The liner is delivered on May 29, 1927 and starts its inaugural voyage between Le Havre and New York on June 22, becoming for a time the most beautiful liner on the Atlantic. The Île-De-France was nicknamed "The longest gangplank" in the United States during Prohibition, because alcohol flowed abundantly on board (it was forbidden on American liners) and thus made it possible to be immediately in France, the country of the "good life", well before arriving at destination. On board the liner, the carefree atmosphere of the Roaring Twenties and the inter-war period reigned. The liner continued its career without incident until the declaration of war on 3 September 1939.

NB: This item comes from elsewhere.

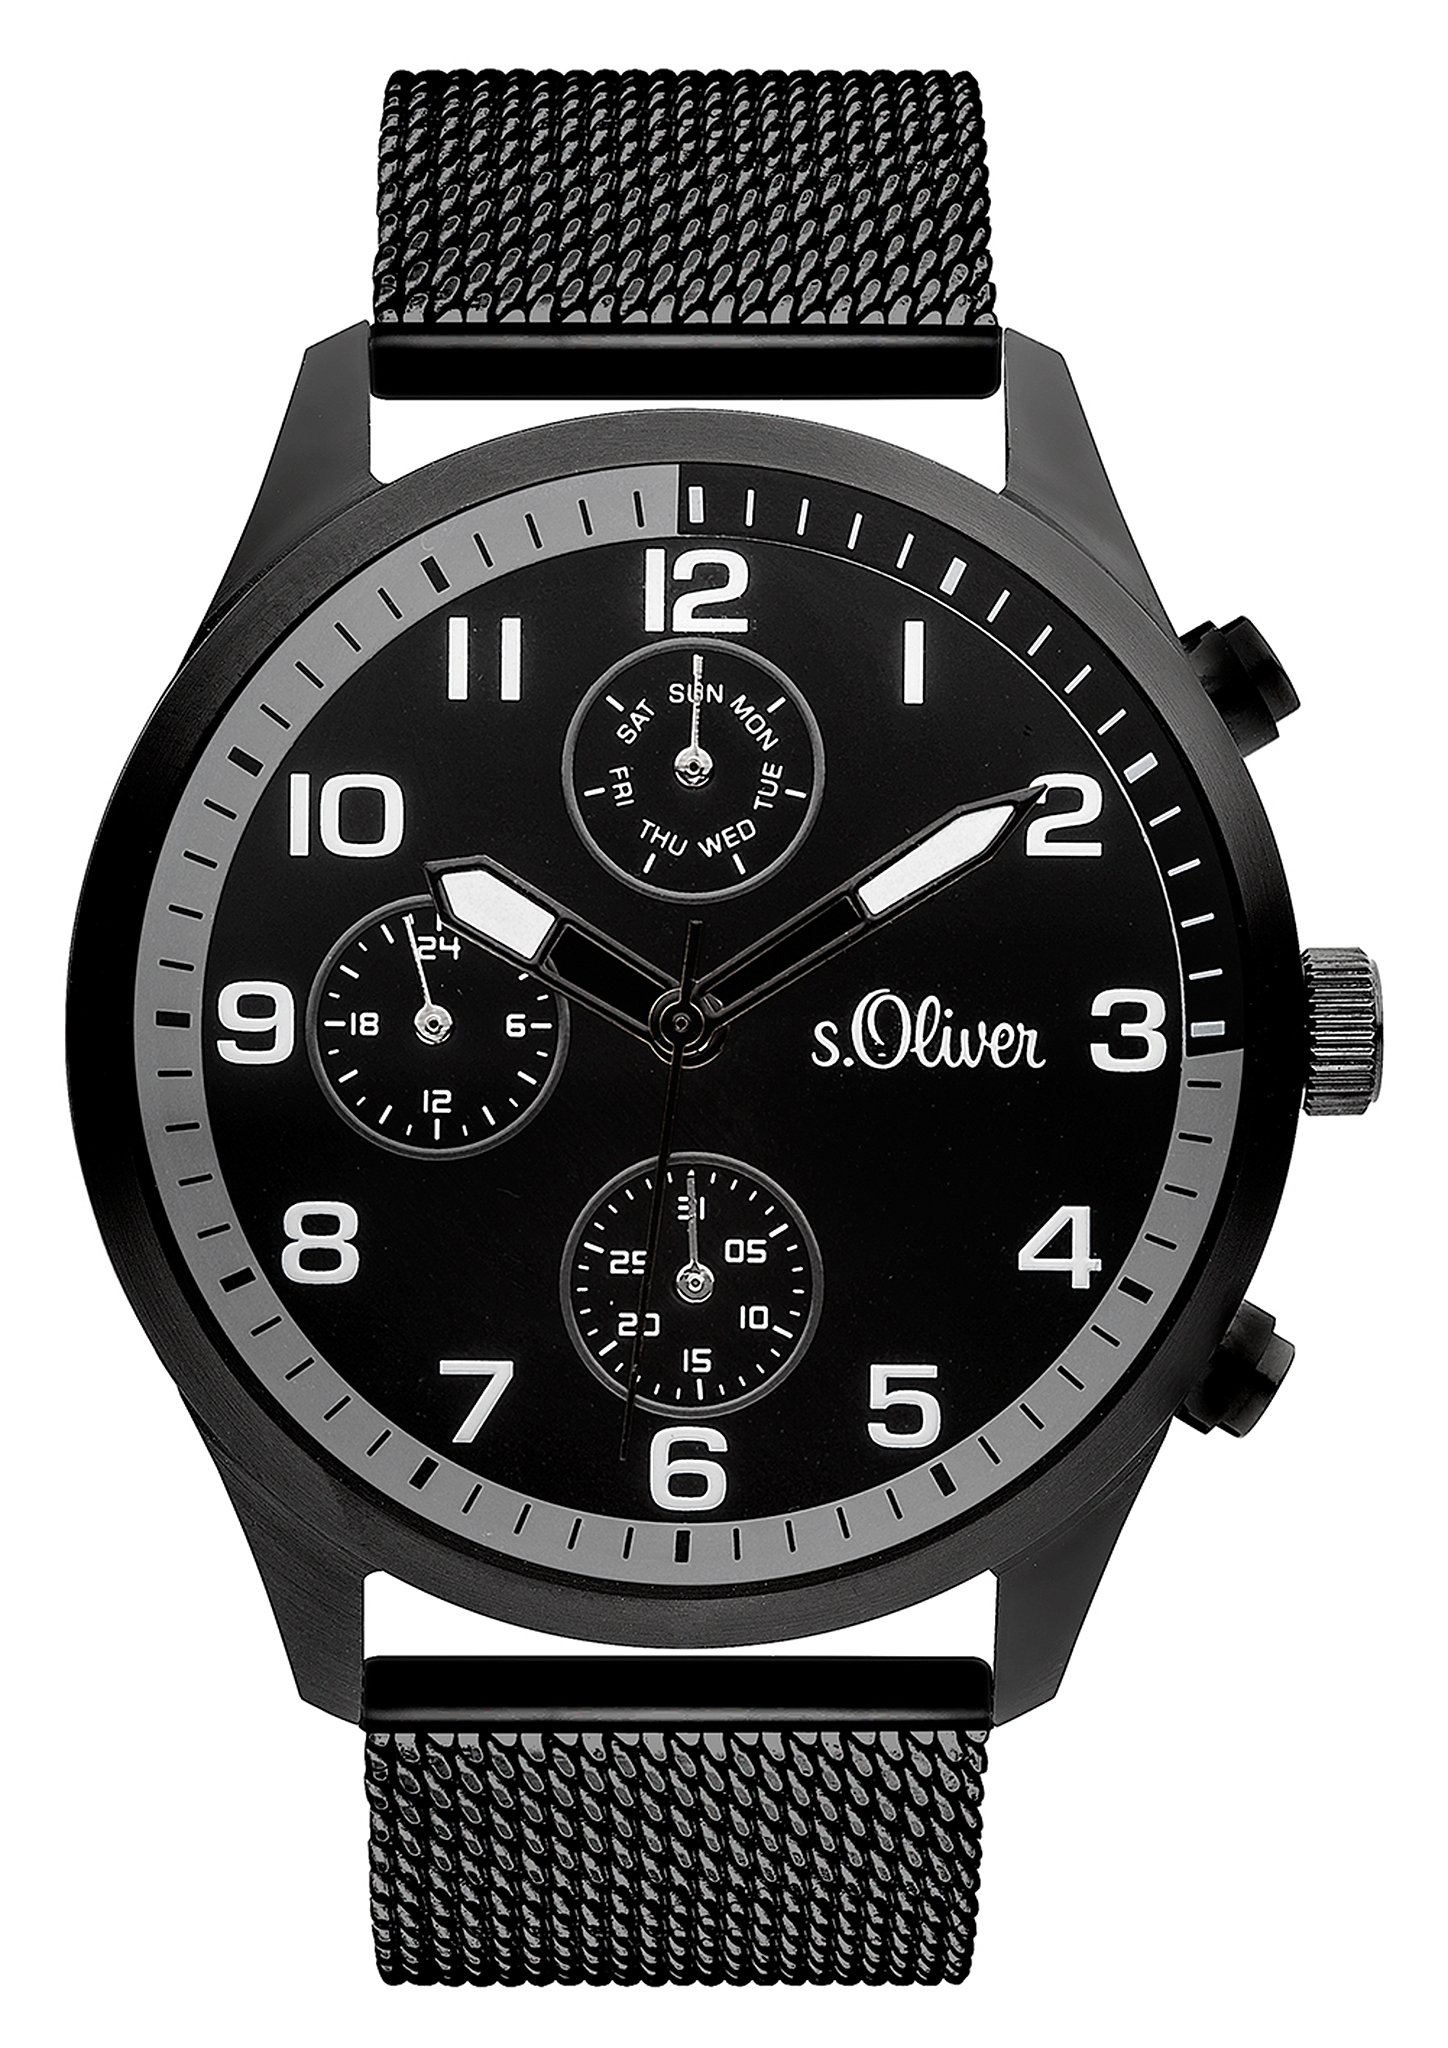 Armbanduhr | Uhren > Sonstige Armbanduhren | Grau/schwarz | Edelstahl| mineralglas | s.Oliver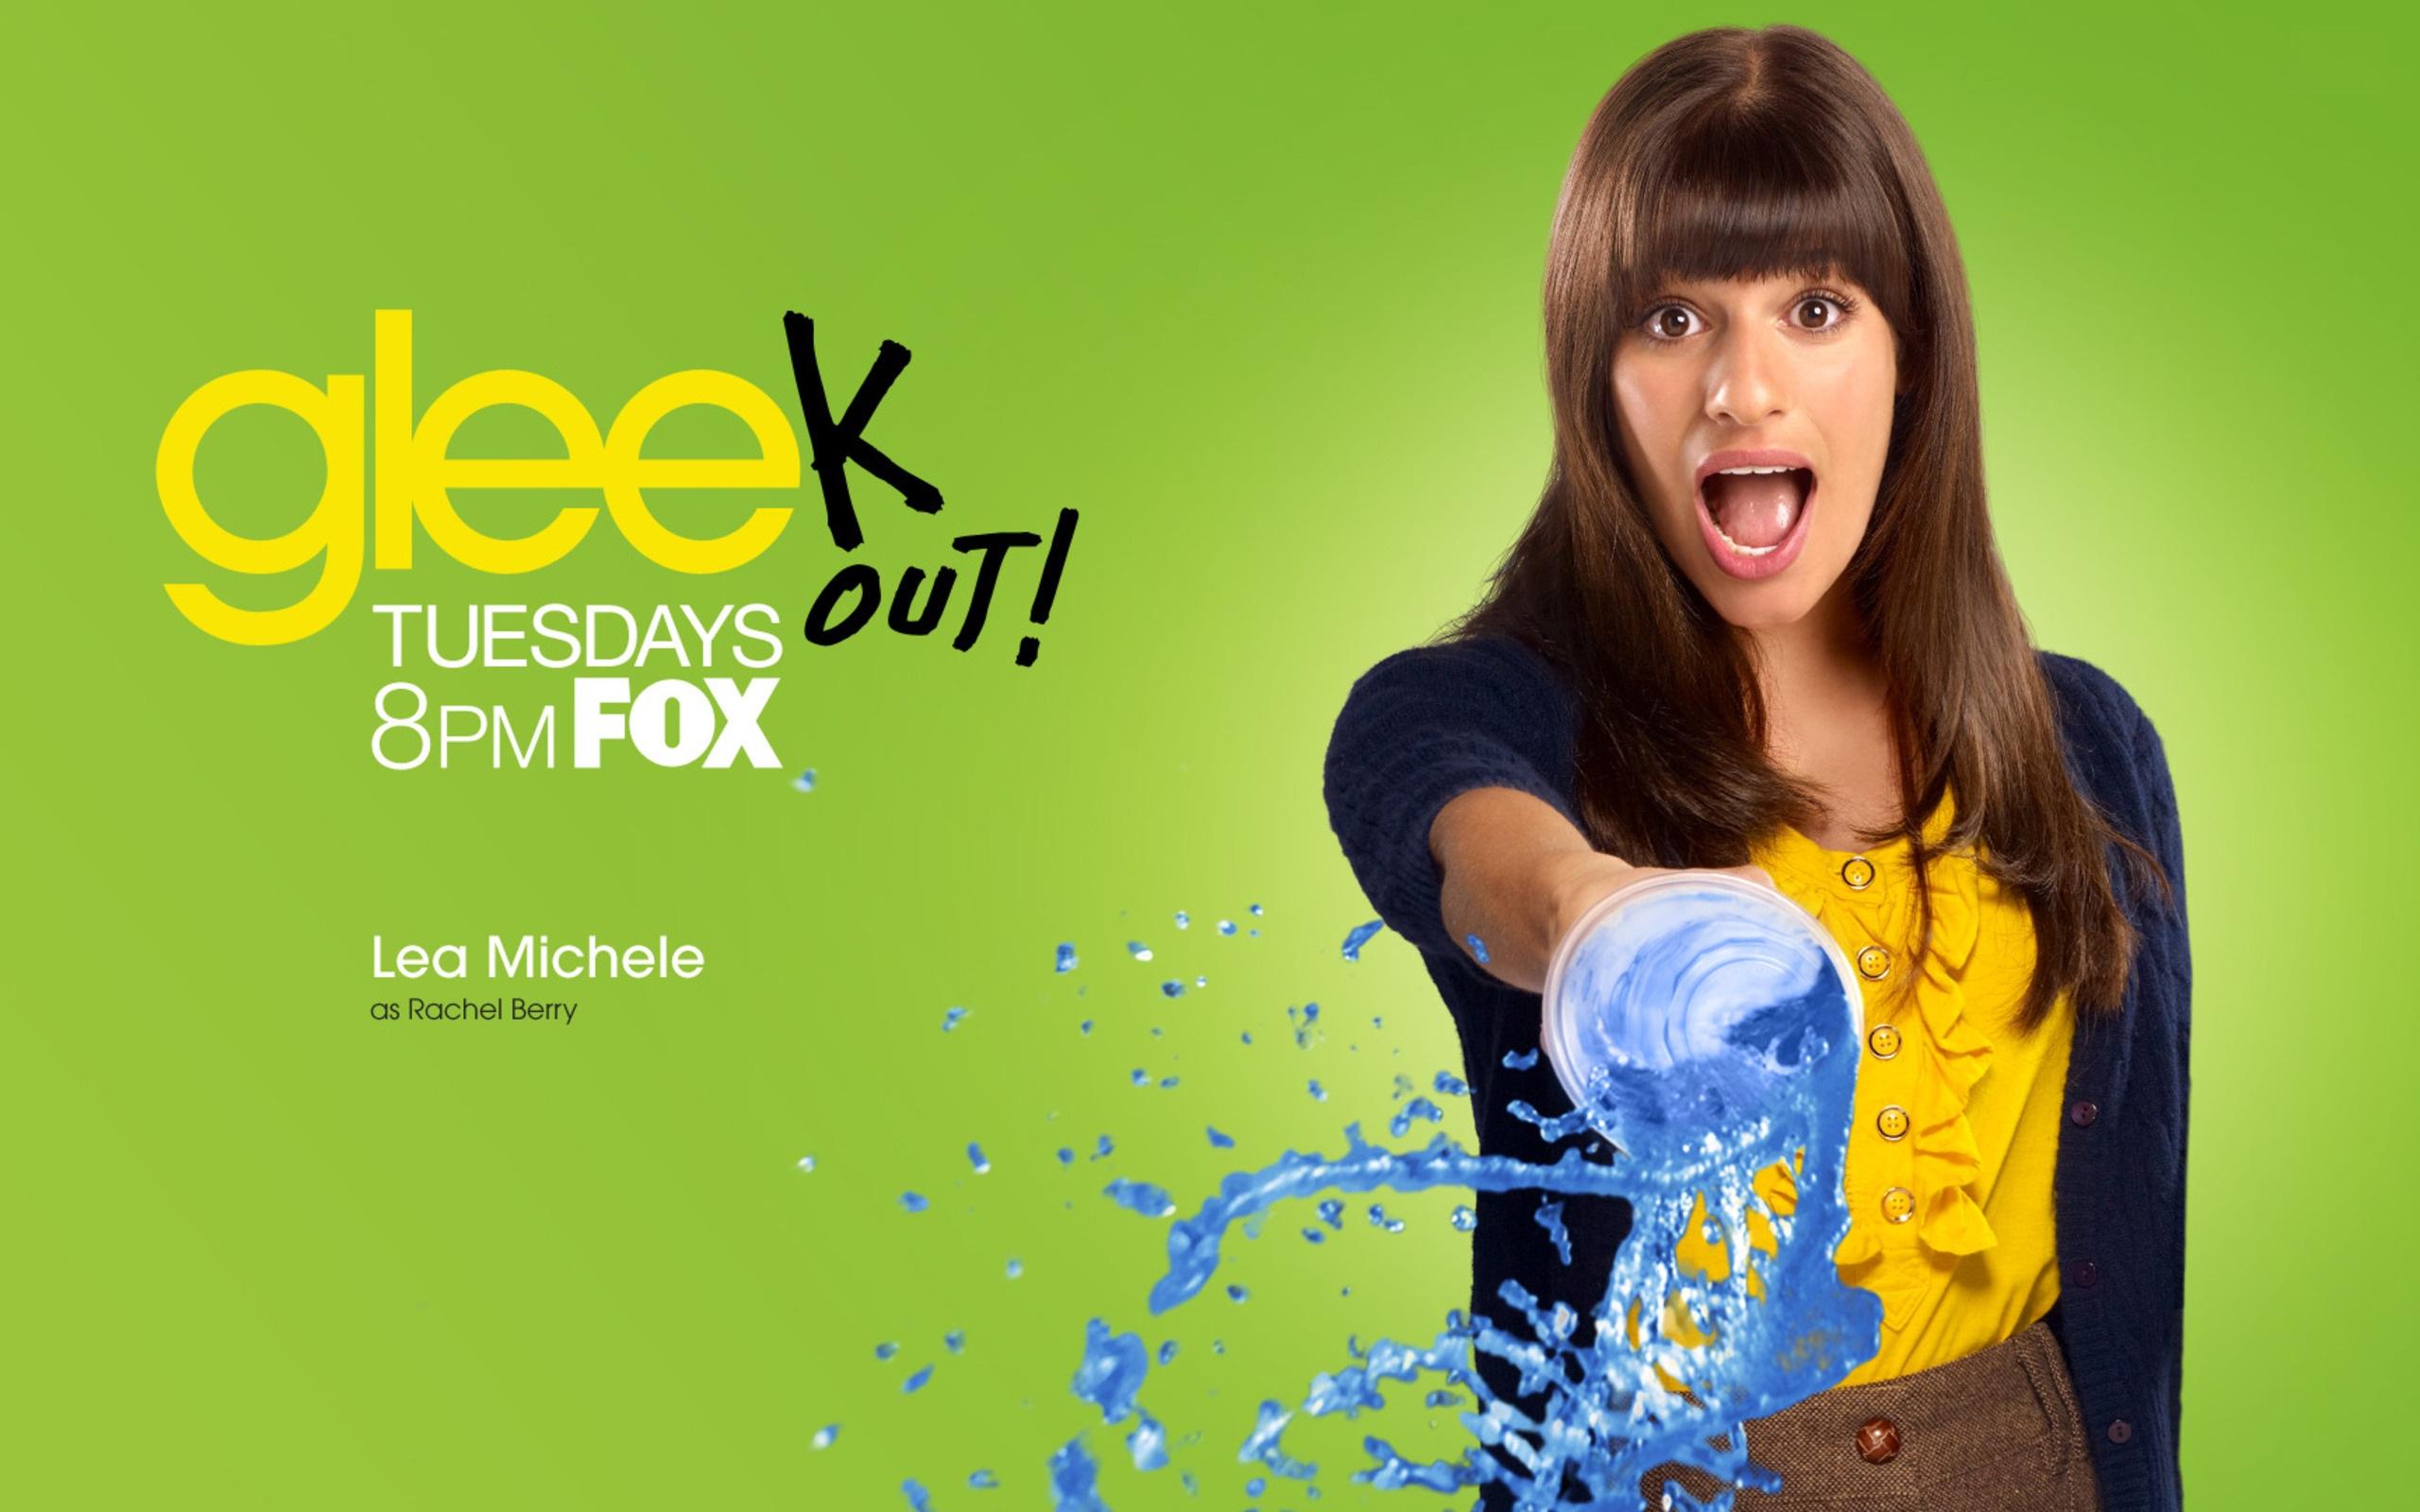 Glee wallpaper 14

Île-de-France was the first major French luxury ship project after the First World War. Quickly nicknamed the "Peace Street of the Atlantic", she opted for an Art Deco style. Many artists, architects and decorators collaborated in the creation of this new ambassador of the seas: Jean Dunand, René Lalique, Paul Landowski, Paule and Jules Leleu, Pierre Patout, Jacques-Émile Ruhlmann, Louis Süe, André Mare and Raymond Subes... Innovative in its technique, the ship represents at the time, the gastronomy and the art of living in the French way. Île-de-France had all the assets that ensured its triumph on the North Atlantic until the Second World War.
At each lunchtime and evening service, the 2,350 passengers on the Île-de-France could choose from 80 different dishes, while between meals, they could enjoy a wide range of entertainment, such as boxing matches, mini horse races and tennis matches.
A second life began for the ship during the war. Île-de-France joined the Free French Forces, then was requisitioned to transport troops and repatriate civilians from Indochina. He distinguished himself by saving 753 passengers from the Italian liner Andrea Doria, earning the nickname "Saint Bernard of the seas". In 1949, the liner makes a triumphant return on the Le Havre - New York line, after two years of works which deeply modernized her decoration and modified her silhouette. After 10 more years of service, she is finally sold in 1959 for dismantling to a Japanese company which, before her final destruction, rents her for the shooting of a disaster film, The Last Voyage.